Extracting patterns and insights from data is a skill that’s arguably as much art as science. It is a delicate balancing act, with any number of often subtle missteps or misjudgments likely to lead to flawed results.
The ability to recognize patterns is critical to how humans learn and make decisions, and likely offered an evolutionary advantage in spotting predators and prey. It is such an important trait that the brain has developed a knack for finding patterns even where none exist – a phenomenon known as apophenia.
Common examples are seeing animals in clouds and hearing voices in white noise. Apophenia is the basis of superstitions, conspiracy theories and paranormal experiences. It is not uncommon among gamblers and investors, often resulting in bad bets and investments.
Data science and machine learning (ML) algorithms may seem like ideal tools to help overcome apophenia by bringing rationality and analytical rigor to the investment decision-making process. But if used to test too many variables within large data sets, they, too, are prone to find connections between unrelated things.

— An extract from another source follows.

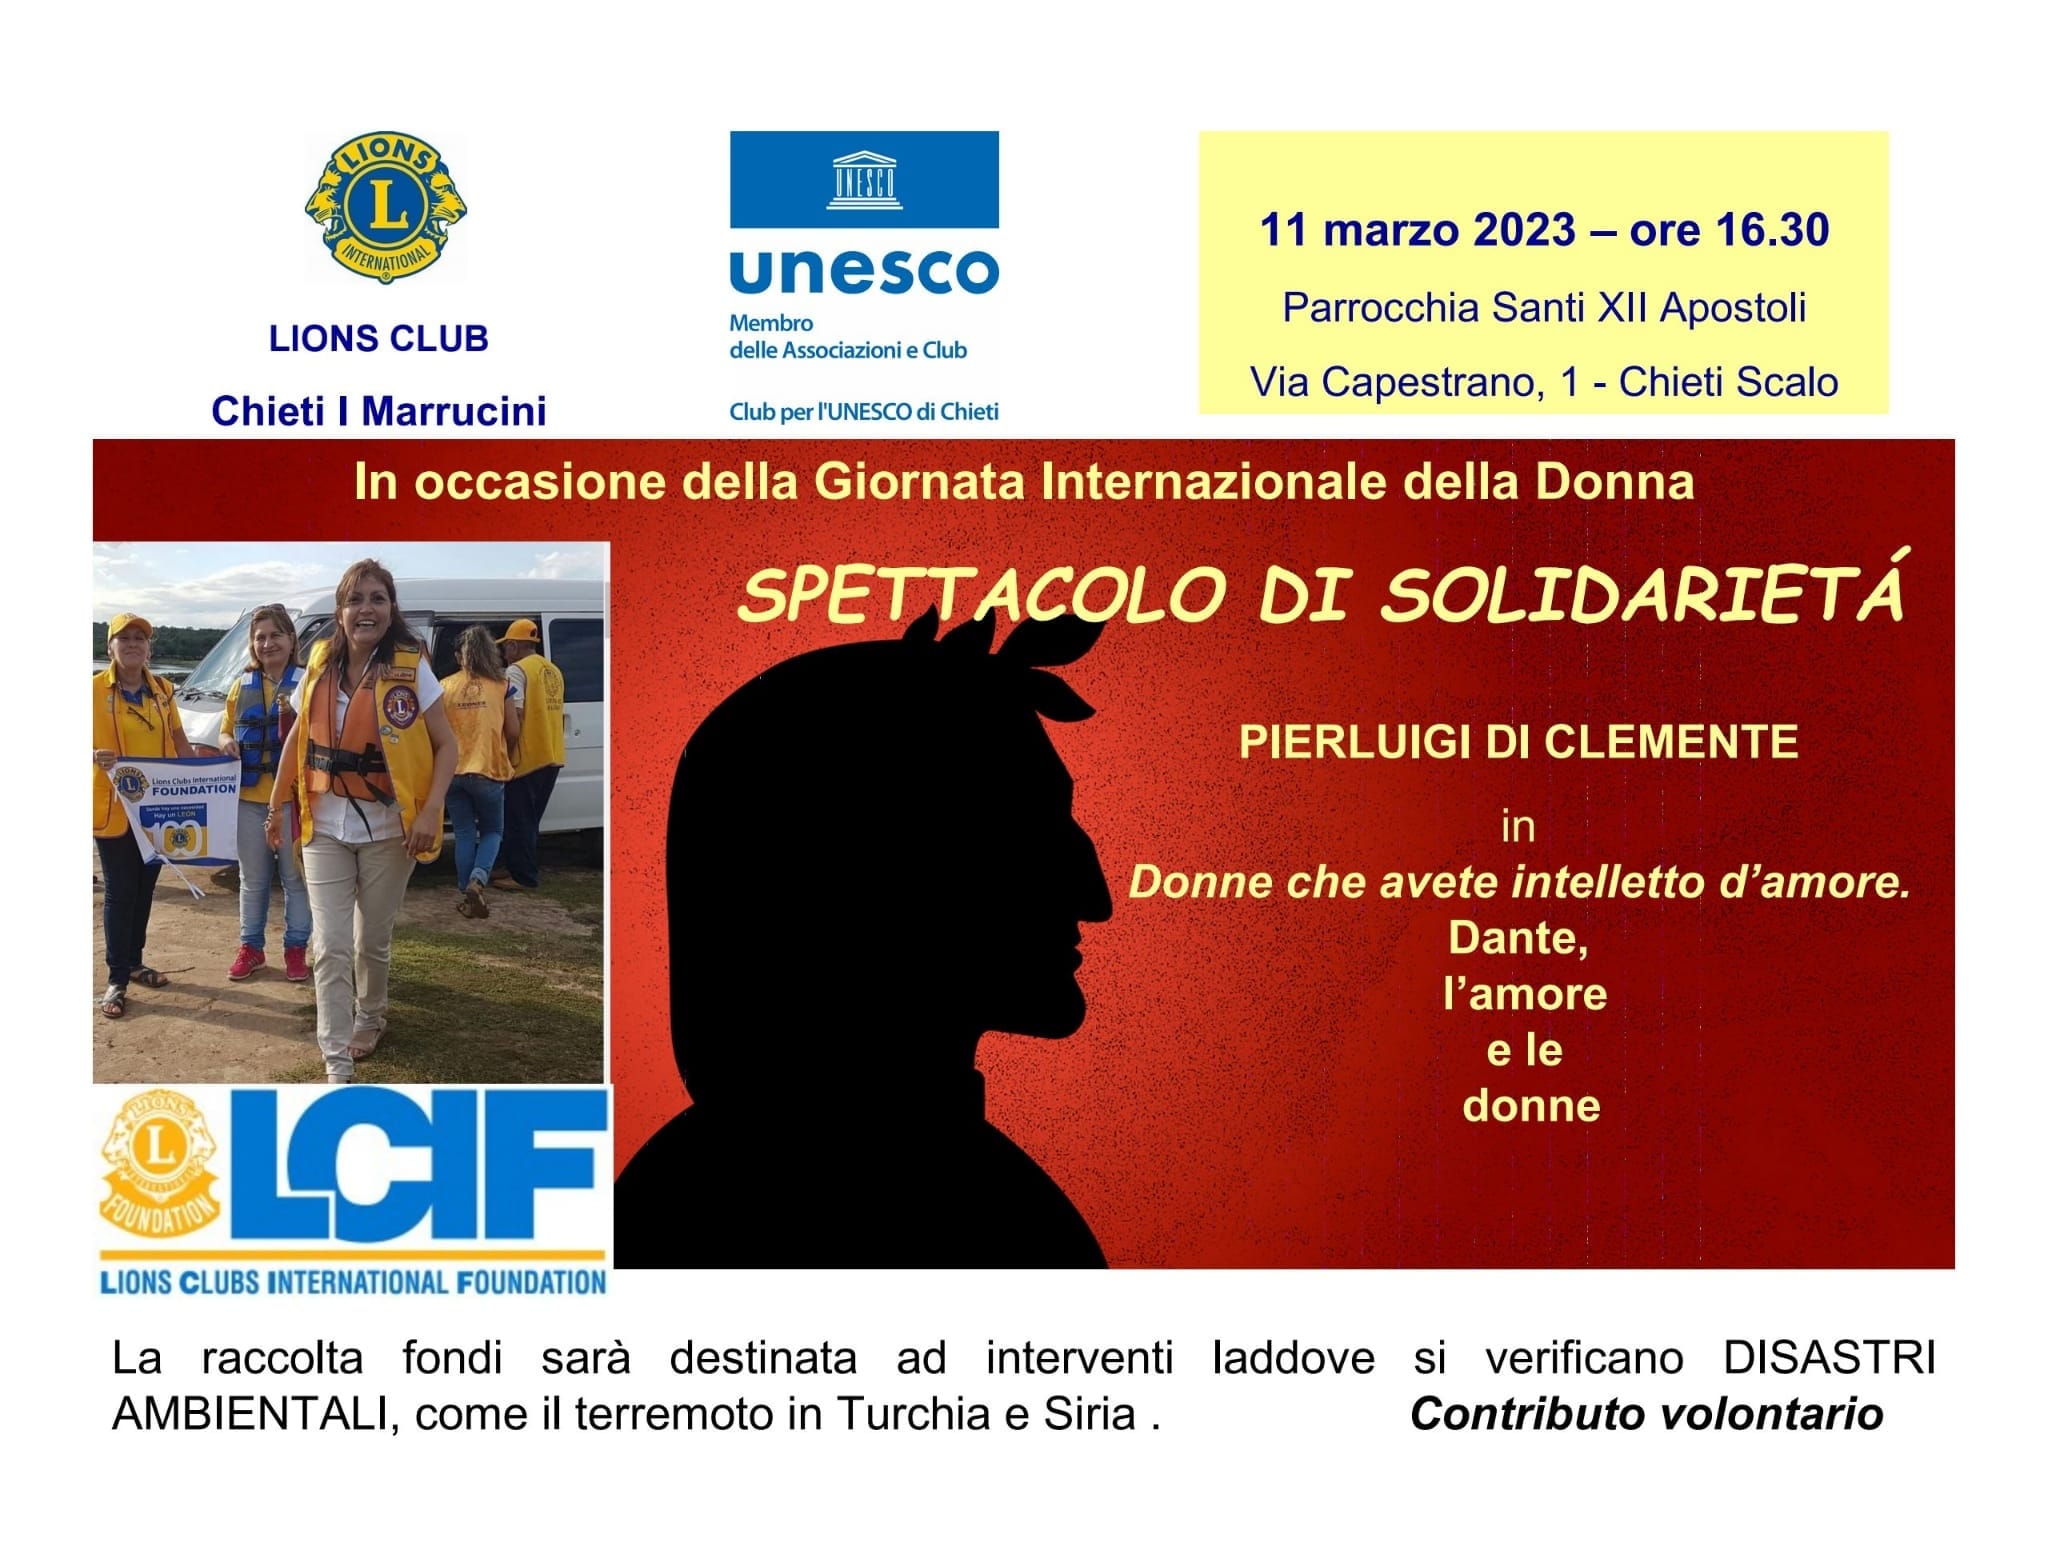 Chieti. Spettacolo di solidarietà del Lions Club “I Maruccini” e Club Unesco

“If you look enough times, you will see signal, but it’s actually noise,” explained Mark Ainsworth, a senior data science consultant and former Head of Data Insights at Schroders.
For instance, if a statistical test is conducted on two variables, x and y, with a typical 5% level of significance, the probability of finding a relationship where none exists is less than 5%. But if a test was conducted on x and 100 different y’s, “five of them would come up as a significant relationship, because of the way we defined what significant means,” said Ainsworth. “There's a one in 20 chance of seeing this relationship just by accident.”
This is an example of the multiple comparisons problem. “If you torture the data long enough, it will confess to anything,” said influential British economist Ronald Coase. And one can uncover no end of spurious correlations among random variables, such as between the divorce rate in Maine and per capita consumption of margarine (see Figure 1).
The plausibility trap
The trouble is, spurious correlations are not always easy to dismiss. Sometimes, they can seem quite plausible.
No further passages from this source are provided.